Simultaneous detection of 87 synthetic cannabinoids and their metabolites in urine samples by UHPLC-MS/MS and application to 109 authentic forensic cases

Abstract

Synthetic cannabinoids (SCs) have emerged on the designer drug market at an alarming rate in recent years. Consequently, the current methods for detecting SCs and their metabolites in urine require further optimization. An efficient and rapid quantitative UHPLC-MS/MS method was developed for the detection of 87 SCs and their metabolites in urine. Urine (0.1 mL) was incubated for 30 min at 55 °C by adding 10 μL β-glucuronidase and then processed by acetonitrile protein precipitation. A Waters Acquity UPLC HSS T3 column (100 mm × 2.1 mm,1.8 µm) was used for chromatographic separation.
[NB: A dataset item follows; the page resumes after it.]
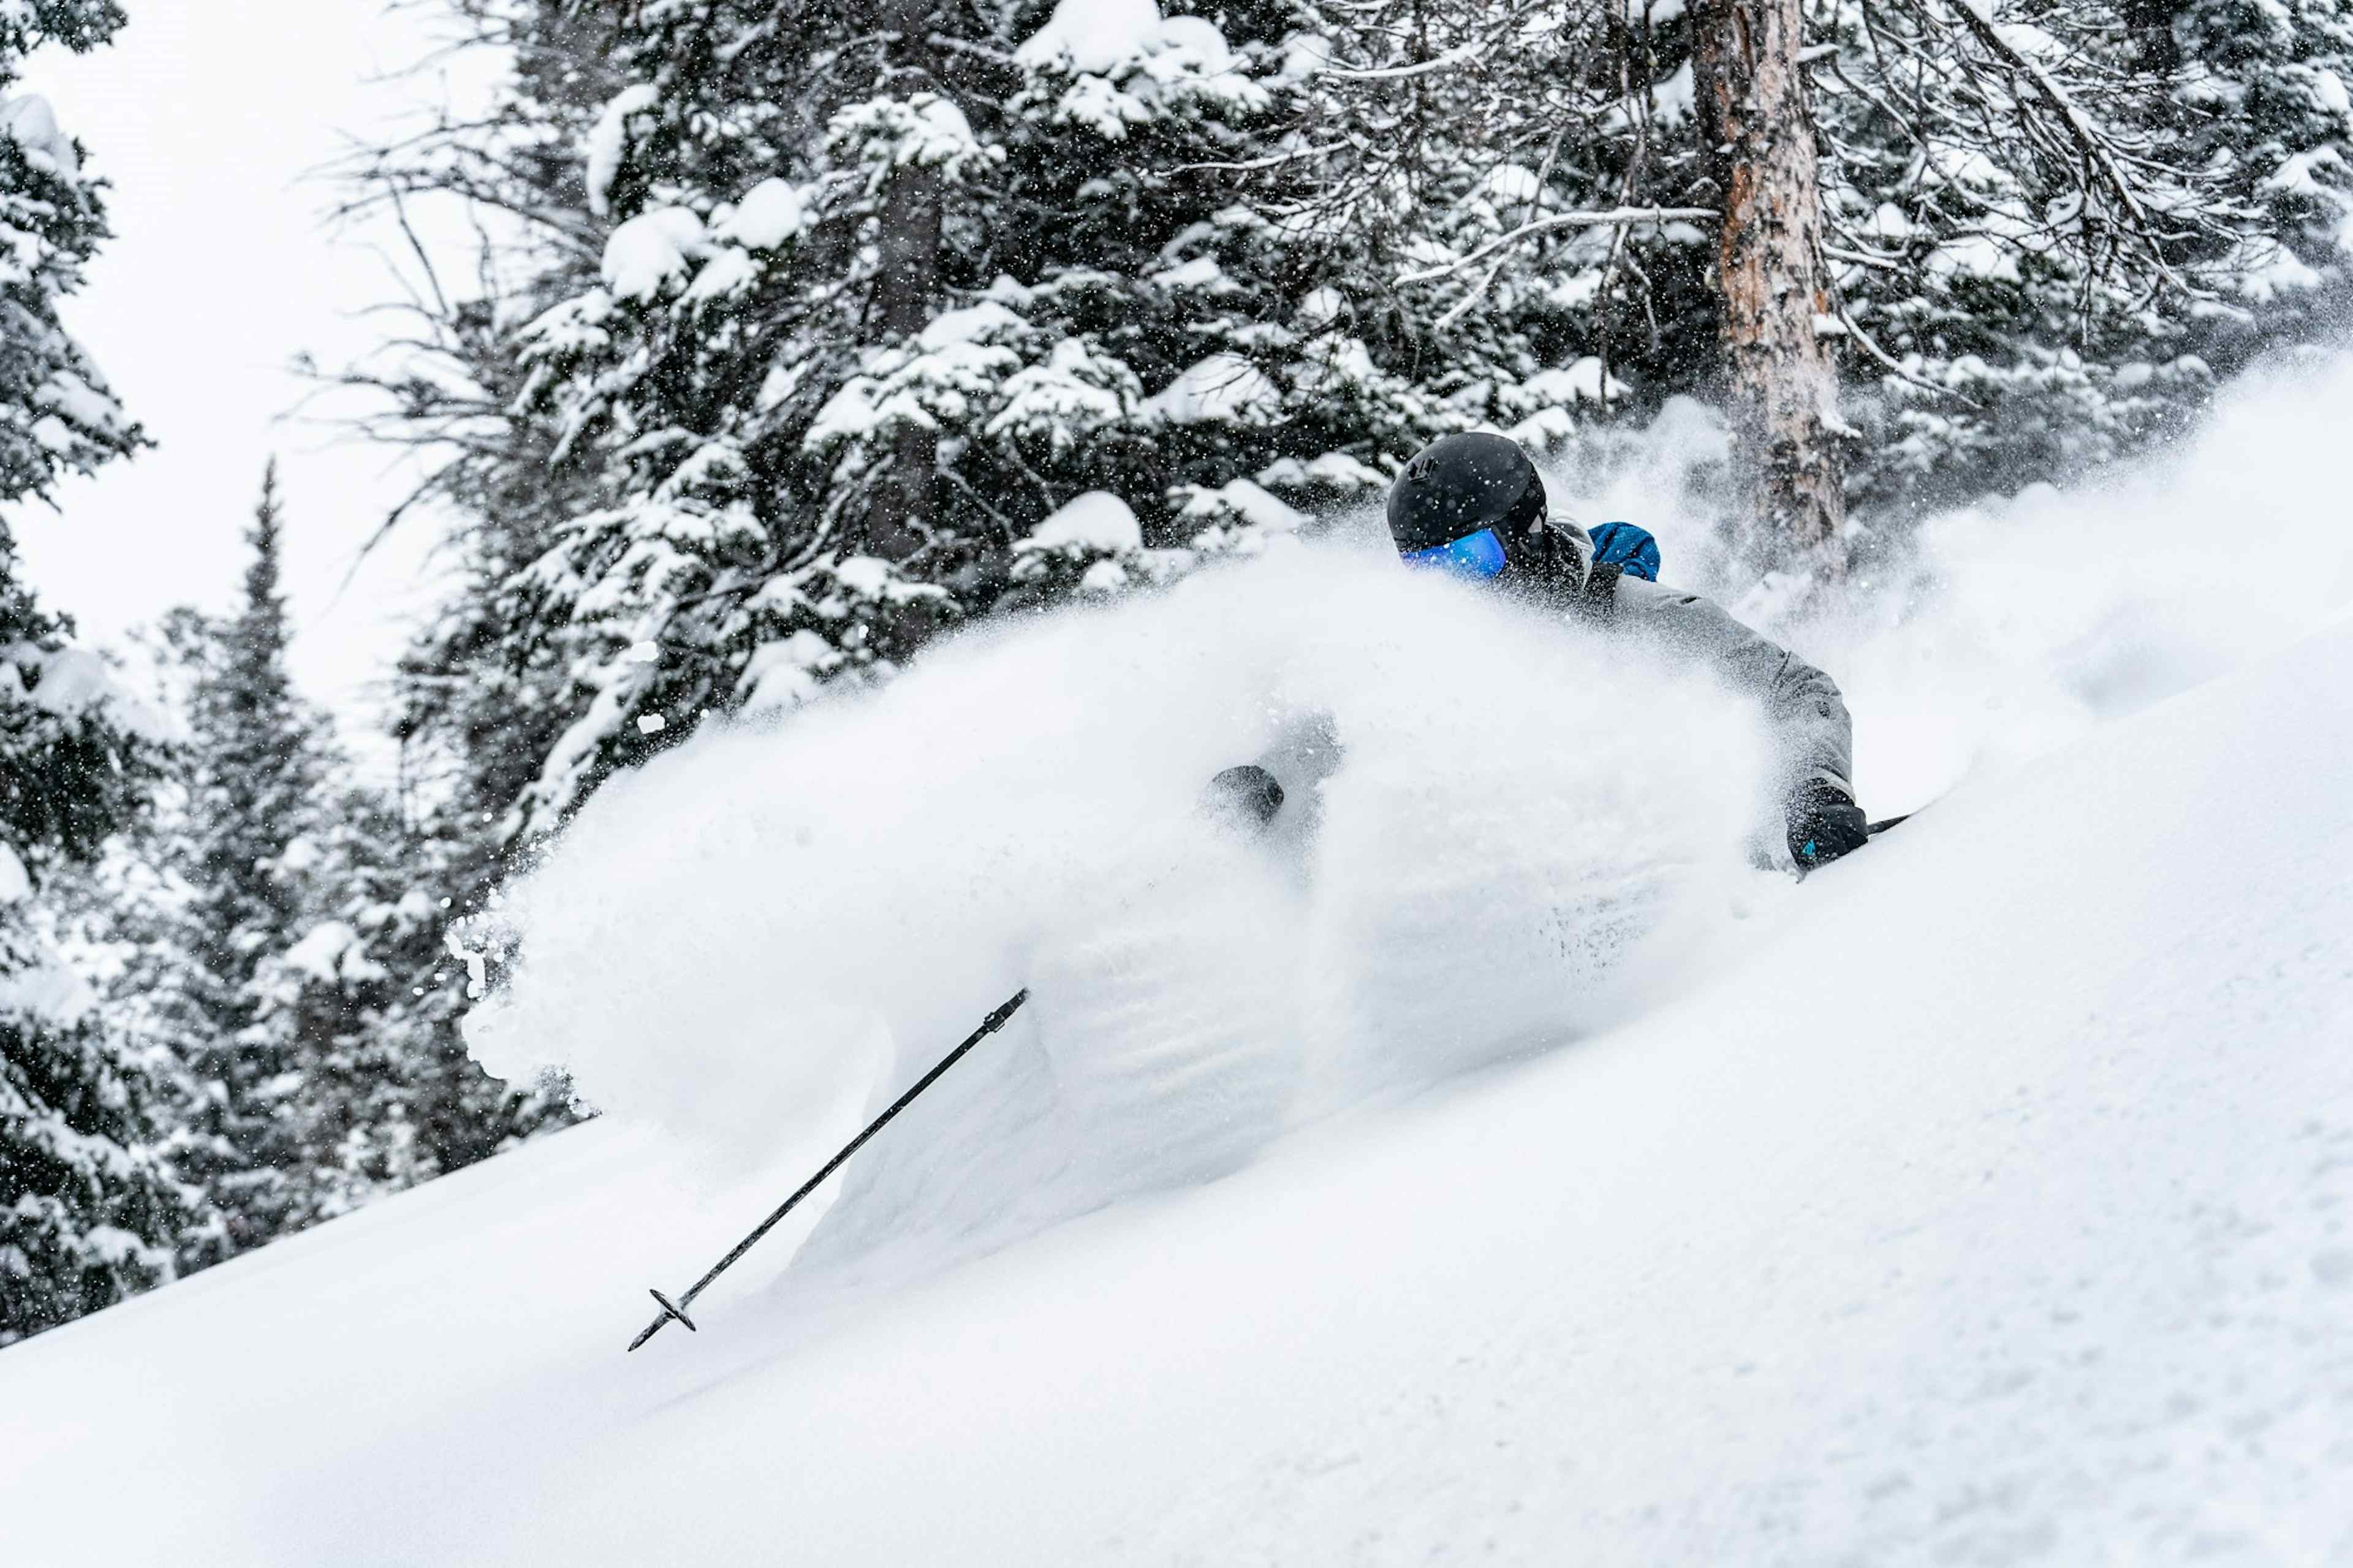 Offering incredible skiing, snowboarding, biking, and access to the backcountry, Grand Targhee Mountain Resort of the Yellowstone Teton Territory has it all. 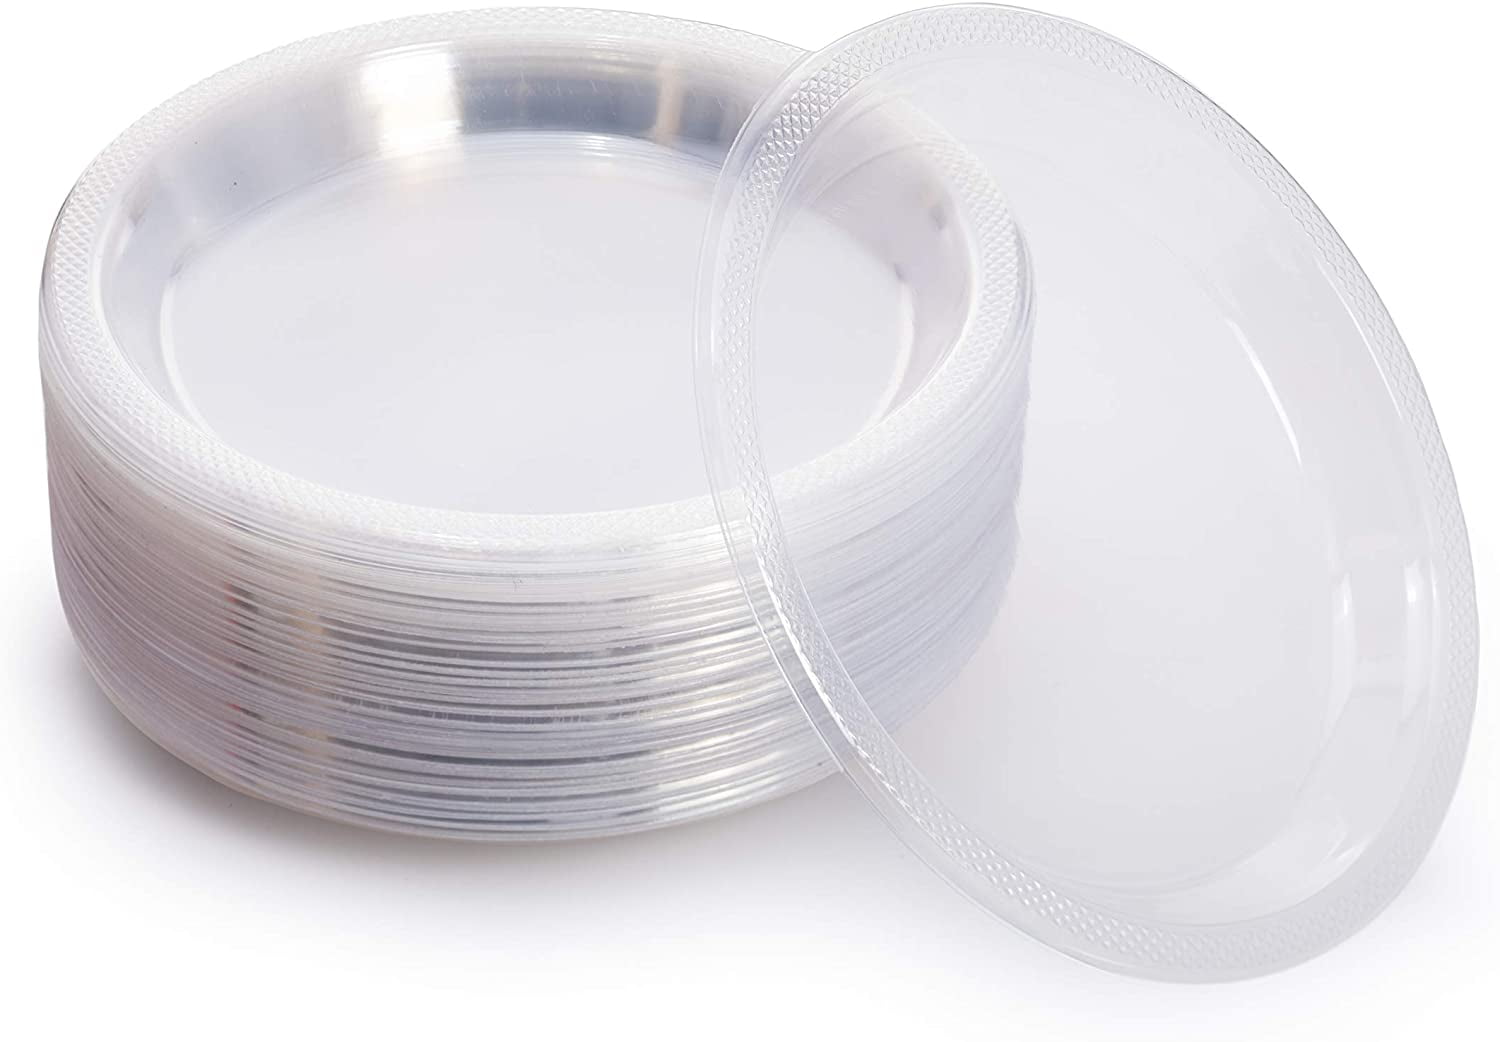 Plasticpro 7 inch Premium Crystal Clear Disposable Plastic Party Plate Pack of 80

Mobile phase A was 20 mmol/L ammonium acetate, 0.1% formic acid, and 5% acetonitrile in water, and mobile phase B was acetonitrile. The limits of detection (LOD) ranged from 0.02 ng/mL to 2 ng/mL and the limits of quantitation (LOQ) ranged from 0.05 ng/mL to 5 ng/mL. The accuracy was in the range of 88.6% to 112%. The relative standard deviations of the intraday and interday imprecisions were in the range of 1.09% to 18.7%, and the recoveries were in the range of 16.4% to 102% and the matrix effect ranged from 70.4% to 114%. After full validation, the method showed good selectivity, accuracy, precision, linearity, and stability within the calibration range. It's simple, rapid and covers a variety of analytes in forensic cases. It was successfully applied to urine samples from 109 suspected SCs users. The most frequently metabolites detected in authentic urine samples in this study were MDMB-4en-PINACA butanoic acid metabolite and ADB-BUTINACA acid metabolite.